E houve muitos pronunciamentos —alguns deles em tom de inconfundível júbilo—no sentido de que a pandemia mataria as grandes cidades e os estados que as abrigam.

Na verdade, a Covid-19, ainda que inicialmente tenha atingido duramente a cidade de Nova York, não era um problema metropolitano; a densidade populacional aparentemente não influi na incidência da doença. Por exemplo, o estado do Dakota do Sul tem a mais ou menos a mesma população da cidade de San Francisco, e registrou quatro vezes mais mortes causadas pela Covid.

E agora, estados rurais e de inclinações republicanas registram índices de vacinação muito inferiores aos dos estados de maioria democrata, e por isso, se surgir uma nova onda de contágios, o mito de que as cidades são os fulcros do contágio será virada de cabeça para baixo.

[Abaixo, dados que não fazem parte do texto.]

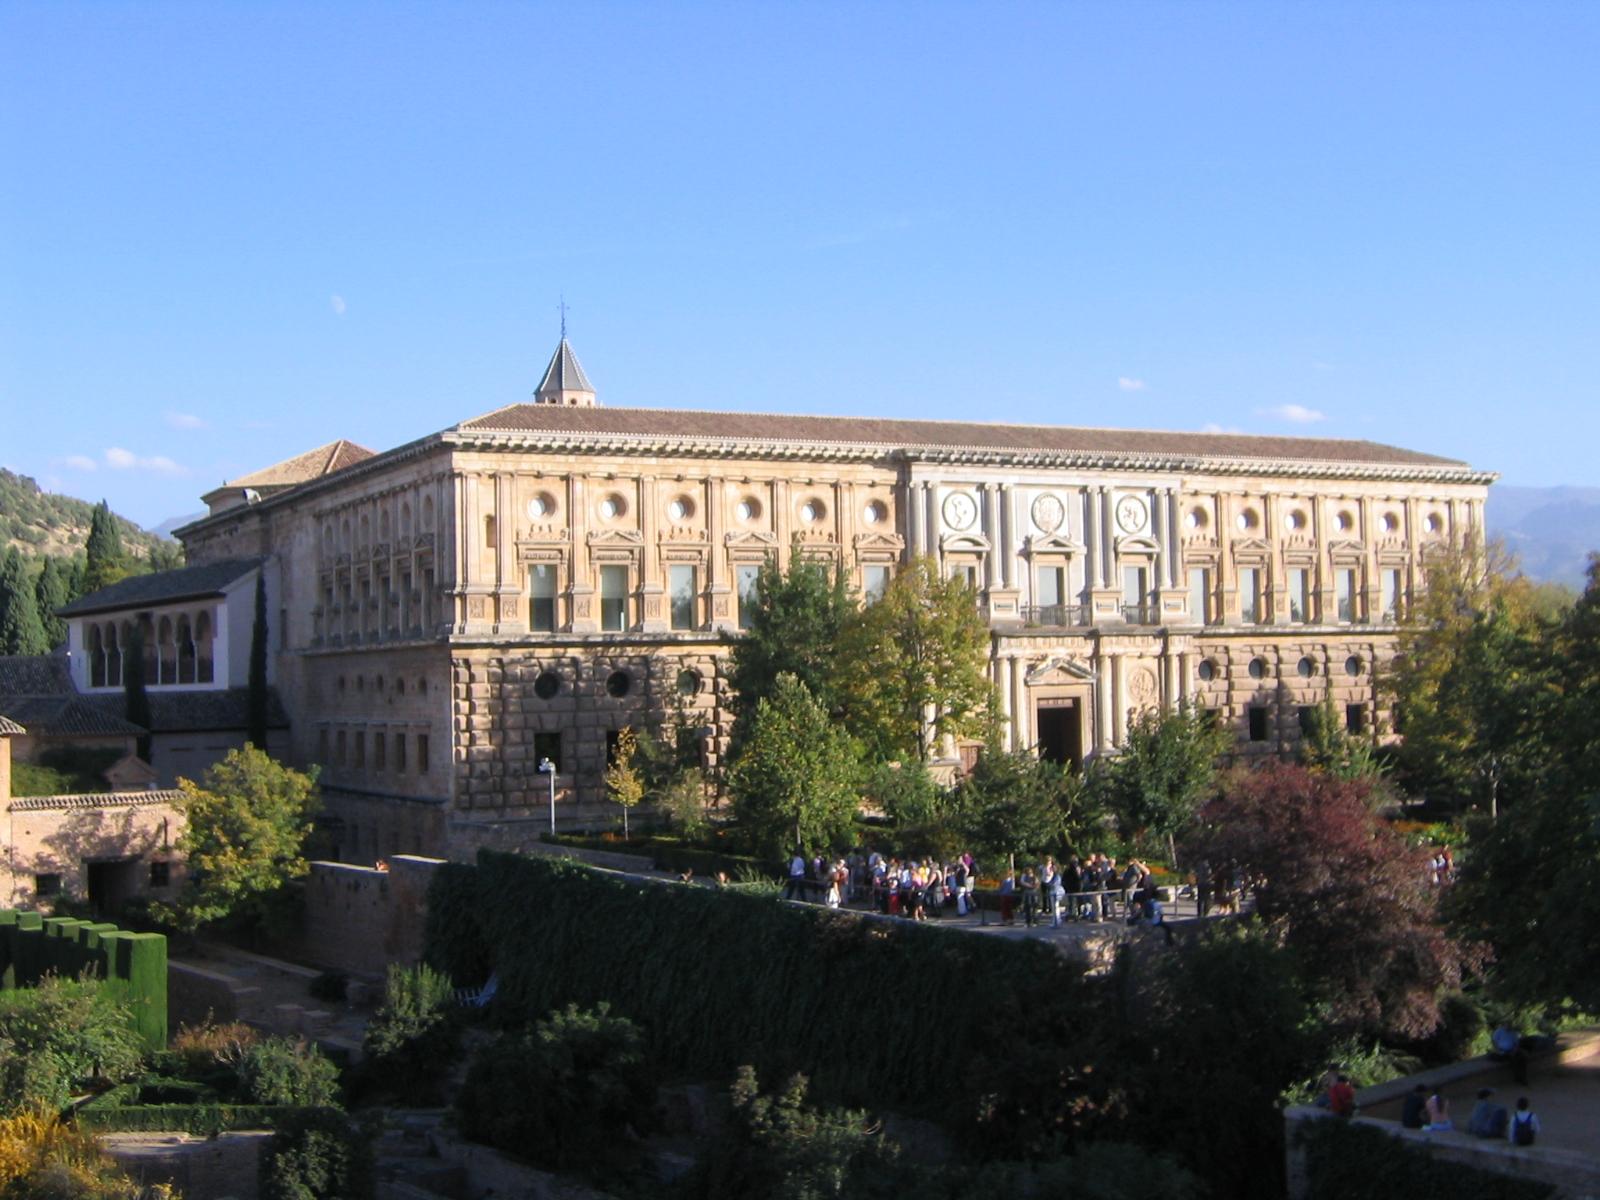 File:Palacio Carlos V west.jpg - Wikimedia Commons

Oh, e embora você talvez tenha ouvido que muita gente está fugindo da Califórnia, liberal e urbanizada, isso pode ser só mais um mito. A Califórnia está sofrendo uma crise de habitação séria, causada por preocupações particularistas dos proprietários de imóveis, mas, como no caso de Nova York, se você ouviu dizer que o estado se tornou um lugar péssimo para morar, está escutando propaganda da direita.

Além de ajudar a paralisar nossa resposta à pandemia, o mito da virtude rural e do vício urbano significa que muitos eleitores republicanos parecem desinformados de que estão entre os maiores beneficiários do “governo grande” que seu partido diz que deseja eliminar.

Ou seja, eles continuam a imaginar que o governo gasta dinheiro para beneficiar moradores urbanos dependentes da Previdência, e não em benefício de pessoas como eles.

Por exemplo, será que os eleitores dos estados de maioria republicana sabem que os gastos federais em seus estados —muitos dos quais em forma de benefícios da Previdência e do programa de saúde Medicare— superam em muitos os impostos que eles pagam a Washington?

No Kentucky, o exemplo mais extremo, o influxo anual de dinheiro federal é US$ 14 mil (R$ 73,1 mil) mais alto, per capita, do que a arrecadação federal no estado.

Se os eleitores soubessem disso, estariam tão dispostos assim a apoiar os cortes de benefícios aos trabalhadores americanos e os cortes nos impostos das grandes empresas e dos ricos?

Quero deixar bem claro que não estou criticando políticas que na prática subsidiam muitos estados. Somos todos americanos, e deveríamos estar dispostos a ajudar uns aos outros.

O problema, em lugar disso, está em políticos cínicos que depreciam algumas partes do país e dão a entender que essas regiões não são parte da “verdadeira América”. Esse cinismo matou milhares de pessoas na pandemia —e poderia também matar a democracia, facilmente.